MANAGEMENT’S DISCUSSION AND ANALYSIS OF
FINANCIAL CONDITION AND RESULTS OF OPERATIONS

     The following discussion should be read in conjunction with the Company’s Annual Report on Form 10-K for the year ended December 31, 2004, including the audited financial statements contained therein, filed with the Securities and Exchange Commission.

FORWARD LOOKING STATEMENTS

     Certain statements contained in this document that are not statements of historical fact constitute “forward-looking statements” within the meaning of the Private Securities Litigation Reform Act of 1995. Words such as “believes,” “anticipates,” “expects,” “intends,” “plans” and similar expressions are intended to identify forward-looking statements but are not the exclusive means of identifying such statements. Forward-looking statements involve known and unknown risks, uncertainties and other factors that may cause the actual results, performance or achievements of the Company to be materially different from any future results, performance or achievements expressed or implied by such statements. Such factors include, among others, the following: general economic and business conditions in those areas in which the Company operates; demographic changes; competition; fluctuations in interest rates; changes in business strategy or development plans; changes in governmental regulation; credit quality; the availability of capital to fund the expected expansion of the Company’s business; and, other factors identified in the Company’s Annual Report on Form 10-K for the year ended December 31, 2004, including, without limitation, information under the caption “Business – Risk Factors” included Part I, Item 1. Given these uncertainties, shareholders and prospective investors are cautioned not to place undue reliance on such forward-looking statements. Forward-looking statements speak only as of the date on which such statements are made. The Company disclaims any obligation to update any such factors or to publicly announce the results of any revisions to any of the forward-looking statements contained herein to reflect future events or developments.

CRITICAL ACCOUNTING ESTIMATES AND SIGNIFICANT ACCOUNTING POLICIES

     The Company’s consolidated financial statements are prepared in accordance with U.S. generally accepted accounting principles and follow general practices within the industries in which it operates. Application of these principles requires management to make estimates, assumptions and judgments that affect the amounts reported in the consolidated financial statements and accompanying notes. Actual results could differ significantly from those estimates.
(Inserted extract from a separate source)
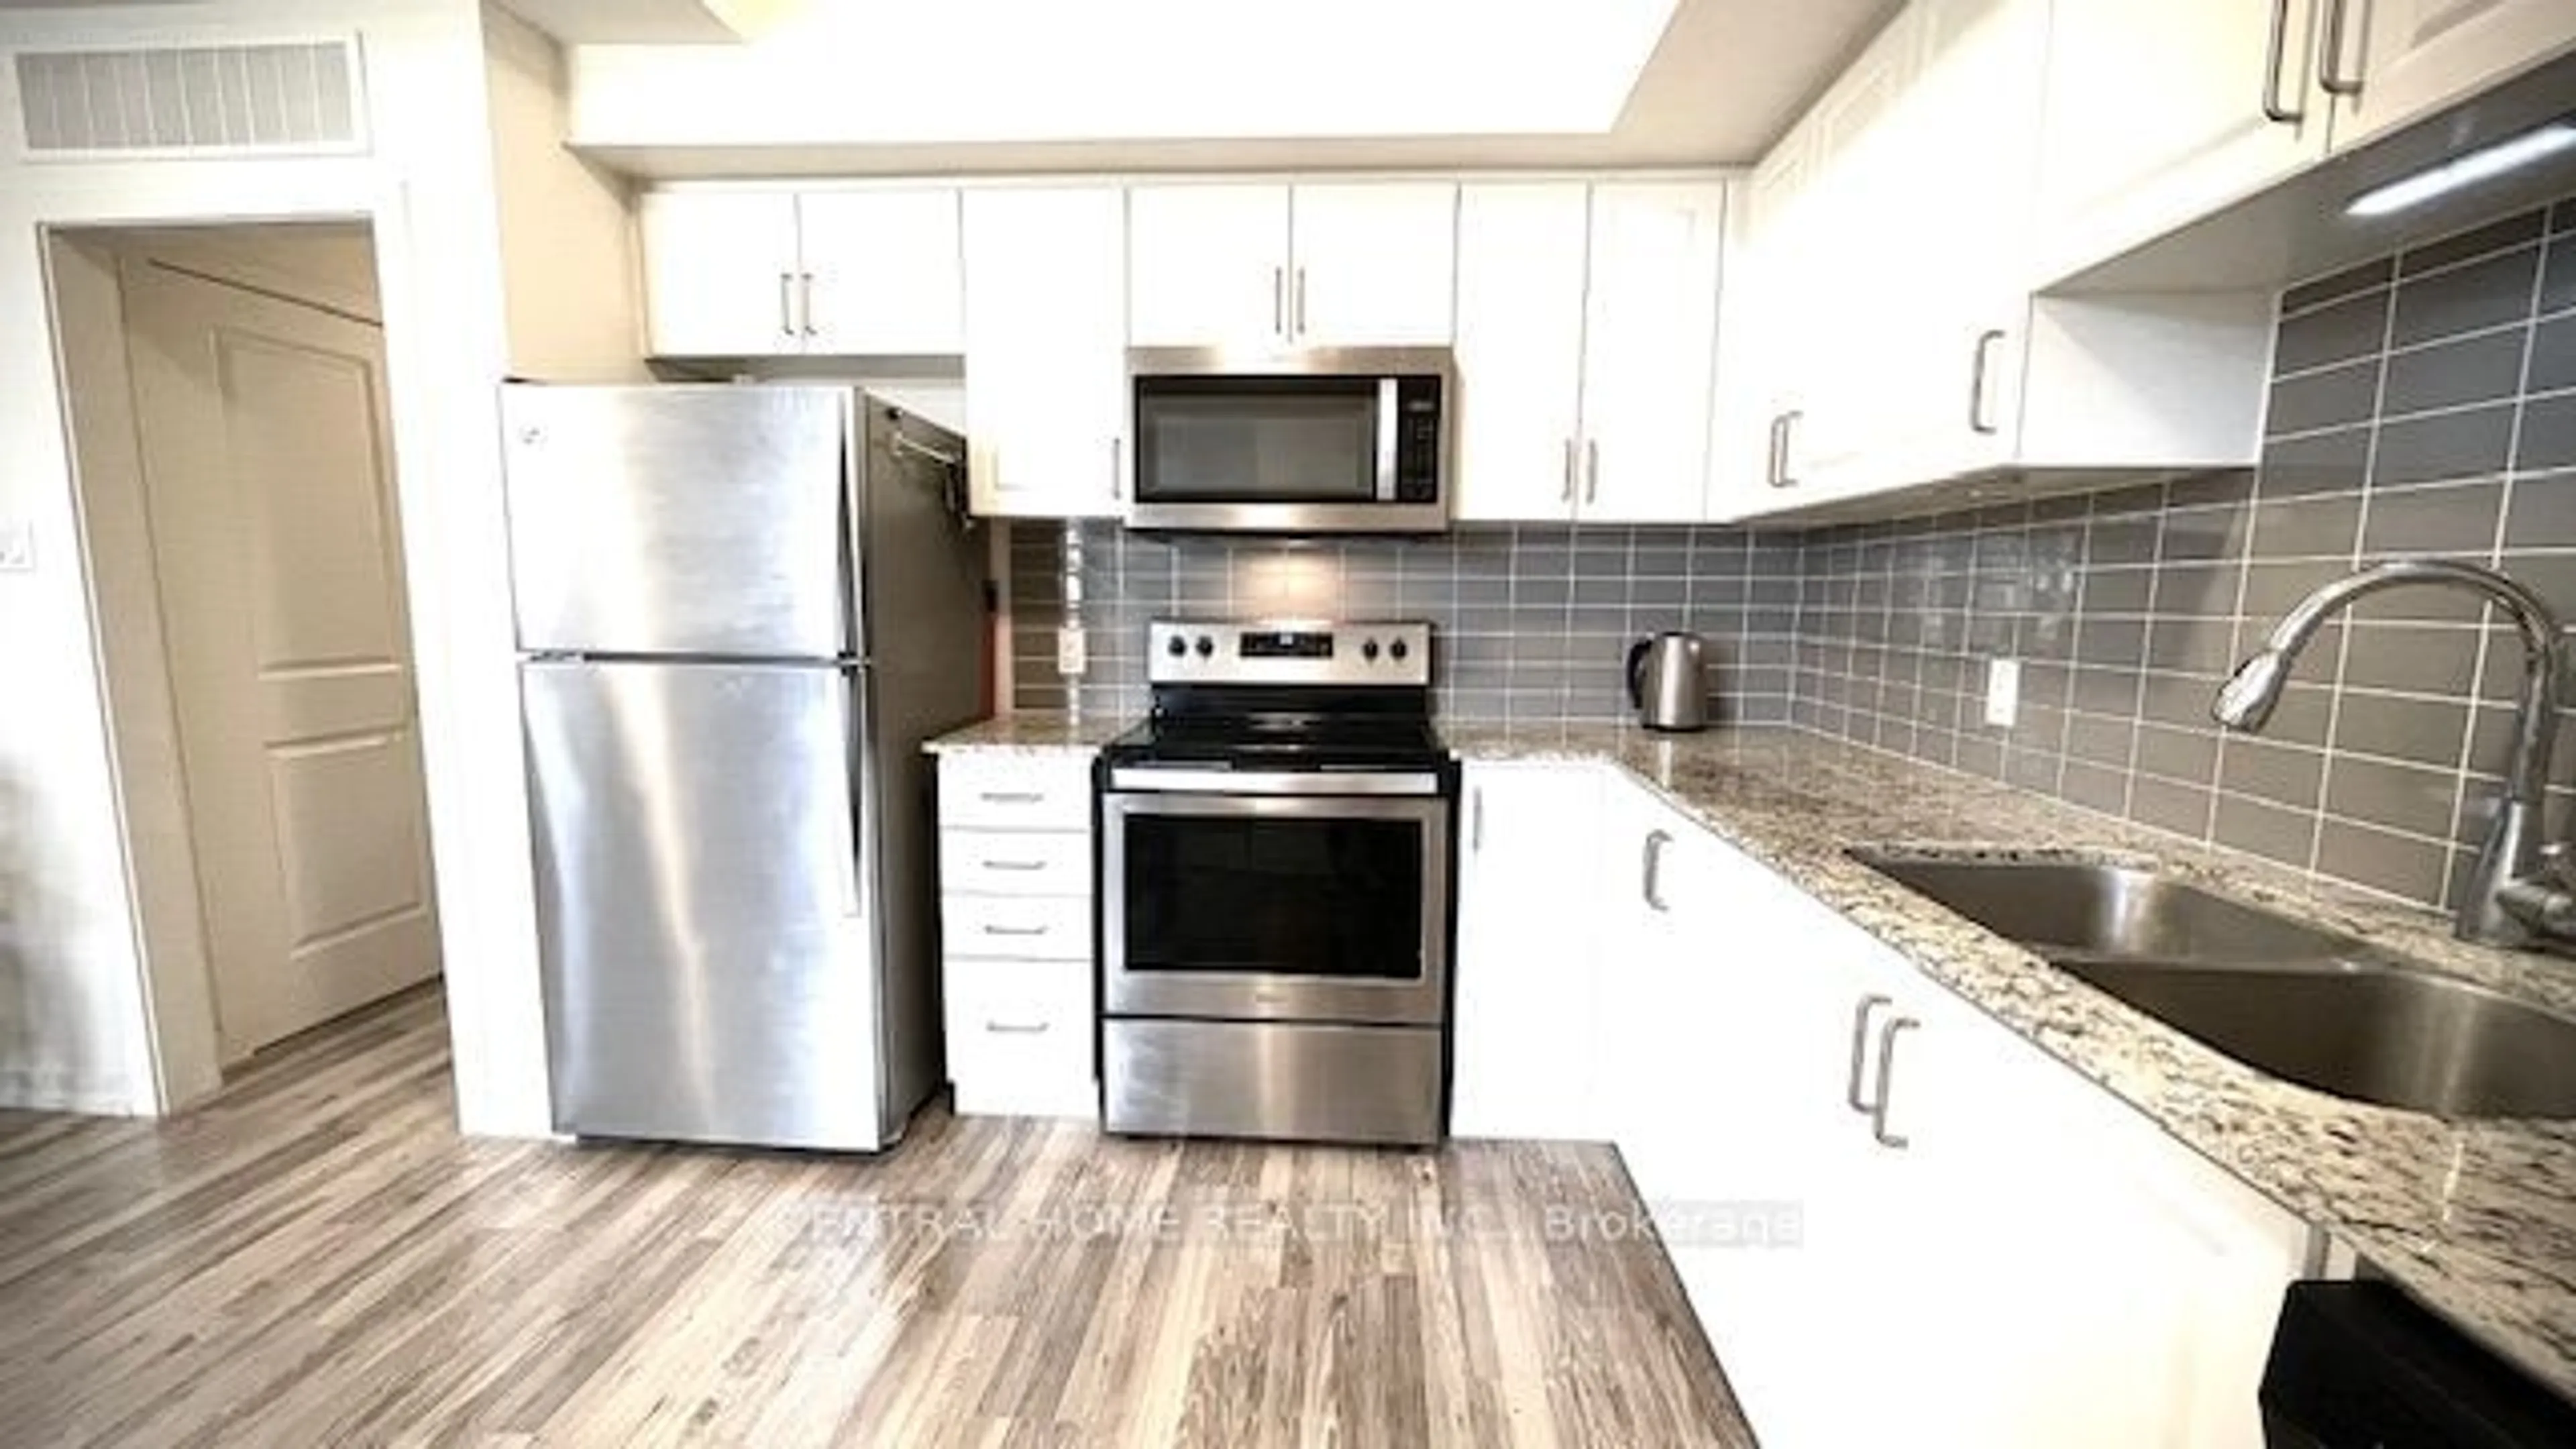 Standard kitchen for 19 Bellcastle Gate #137, Whitchurch-Stouffville Ontario L4A 4T4
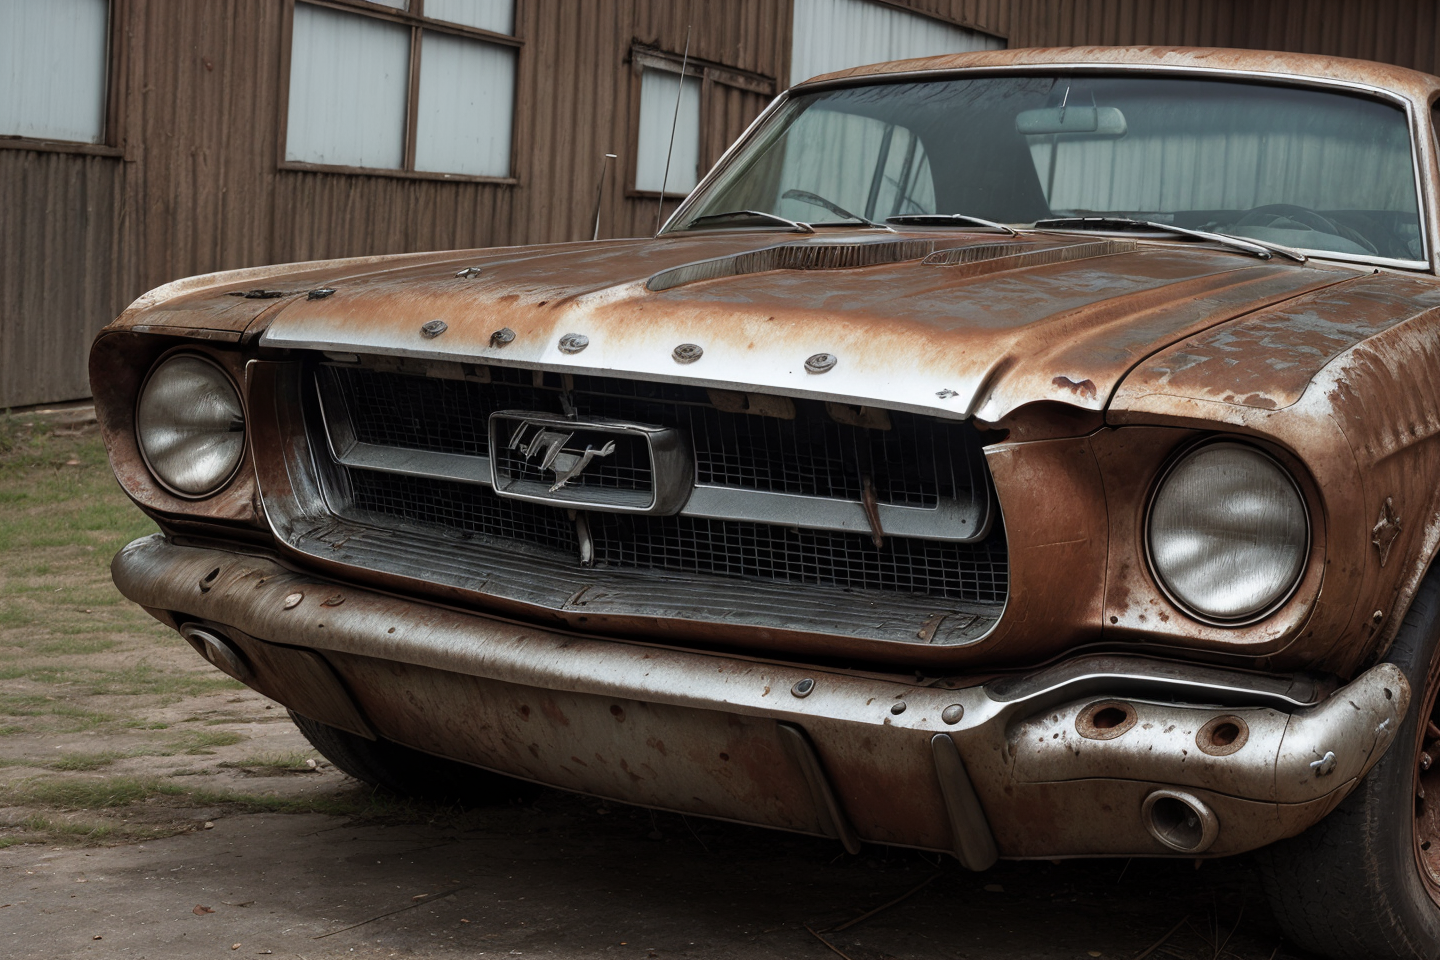 (((rusty, brushed metal, beaten up, weathered, decayed))) 1965 ford mustang

     The Company’s accounting policies are fundamental to understanding Management’s Discussion and Analysis of Financial Condition and Results of Operations. The most significant accounting policies followed by the Company are presented in Note 1 of the Notes to Consolidated Financial Statements included in the Company’s Annual Report on Form 10-K for the year ended December 31, 2004.

     The Company has identified the allowance for loan losses and the valuation of mortgage servicing rights to be critical accounting estimates because they require management to make particularly difficult, subjective and/or complex judgments about matters that are inherently uncertain, and changes in the estimates that are reasonably likely to occur from period to period, or the use of different estimates that management could have reasonably used in the current period, would have a material impact on the Company’s consolidated financial statements, results of operations or liquidity.

     The allowance for loan losses represents management’s estimate of probable credit losses inherent in the loan portfolio. Determining the amount of the allowance for loan losses is considered a critical accounting estimate because it requires significant judgment and the use of subjective measurements, including management’s assessment of the internal risk classifications of loans, changes in the nature of the loan portfolio, industry concentrations and the impact of current local, regional and national economic factors on the quality of the loan portfolio, all of which may be susceptible to significant change. Note 1 of the Notes to Consolidated Financial Statements in the Company’s Annual Report on Form 10-K for the year ended December 31, 2004 describes the methodology used to determine the allowance for loan losses. A discussion of the factors driving changes in the amount of the allowance for loan losses is included below.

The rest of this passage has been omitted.